Here we discuss T. With a subset of the training data, the label assignment for instances, which concerns both the instance-level and group-level predictions, can be quite distinct. This means that improving the quality of the training data can directly boost the algorithm’s running speed, due to both the smaller training size and faster convergence of the linear classifiers (i.e., T = 2 makes the algorithm converge to the maximum for MIML-sort-r). However, when we traversed each step on T (up to 8) and used different parameters for testing, we found it interesting that very similar maximum points distributed over several epochs. This is also a point worthy of further research.

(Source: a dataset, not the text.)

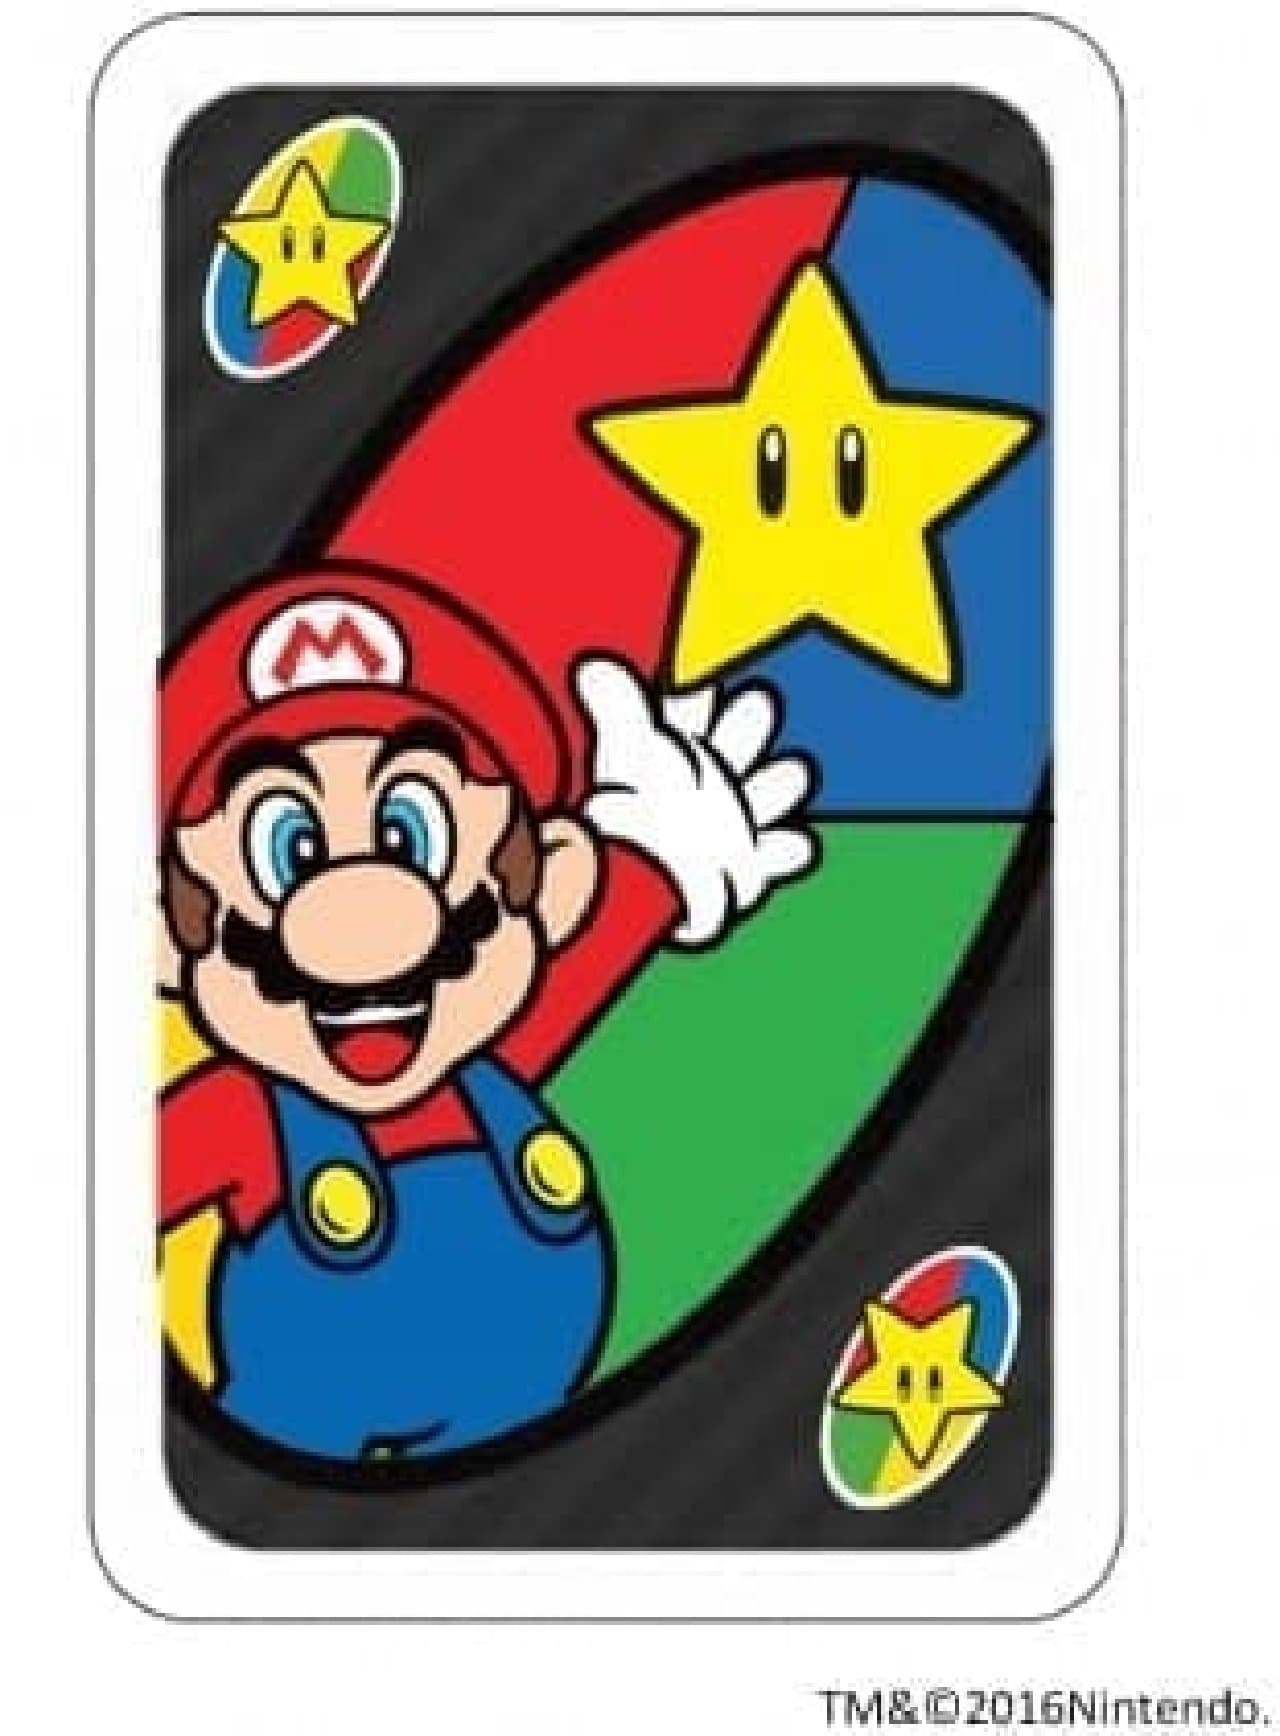 UNO "Uno Super Mario"

5.3. Analysis on Relation Types

We compare the results generated by MIML-re and MIML-sort-e (the ensemble that generates the best Final F1) on the official testing set in order to see if the sorting method boosts the baseline only on some particular relations. The results show that although MIML-sort-e has a significant enhancement on some certain relations such as per:title (correctly tagged from 14 to 37 and the proportion of this relation is also large), but it also has considerable improvements on other relations such as per:parents, org:member_of and per:origin. Therefore, we can say that the sorting strategy is useful among different relation types.
There are also some points that have to be further developed. For example, more intelligent methods need to be studied to learn the parameters automatically and quickly (i.e., [34]). Also, we believe that we can automatically evaluate the importance of the three basic sorting methods through searching optimally when implementing the ensemble with some ranking algorithms.

6. Conclusions

In this paper, we propose three ranking-based methods according to different strategies in order to select effective training groups for multi-instance multi-label learning. Finally, the three methods are combined linearly to generate an ensemble. Experiments compared with baselines validate the efficiency of the proposed ranking-based methods. Particularly, MIML-sort-e boosts the F1 value on the official testing set significantly by 2.68%, and the other MIML-sort(s) methods also produce considerable improvements from the baselines. We believe that the proposed ranking strategies can be integrated in other learning frameworks. From the results we notice there is still plenty of room for improvements, demanding more efficient and robust methods.


This work was supported in part by National 863 Program of China (2015AA015405), NSFCs (National Natural Science Foundation of China) (61402128, 61473101, and 61272383), Strategic Emerging Industry Development Special Funds of Shenzhen (JCYJ20140417172417105, JCYJ20140508161040764 and JCYJ20140627163809422), Innovation Fund of Harbin Institute of Technology (HIT.NSRIF.2017052) and Program from the Key Laboratory of Symbolic Computation and Knowledge Engineering of Ministry of Education (93K172016K12).

Author Contributions

Yang Xiang and Qingcai Chen conceived and designed the experiments; Yang Xiang performed the experiments; Yang Qin analyzed the data and contributed statistics; Yang Xiang wrote the paper; Xiaolong Wang checked and modified the paper. All authors have read and approved the final manuscript.

Conflicts of Interest

The authors declare no conflict of interest. The founding sponsors had no role in the design of the study; in the collection, analyses, or interpretation of data; in the writing of the manuscript, and in the decision to publish the results.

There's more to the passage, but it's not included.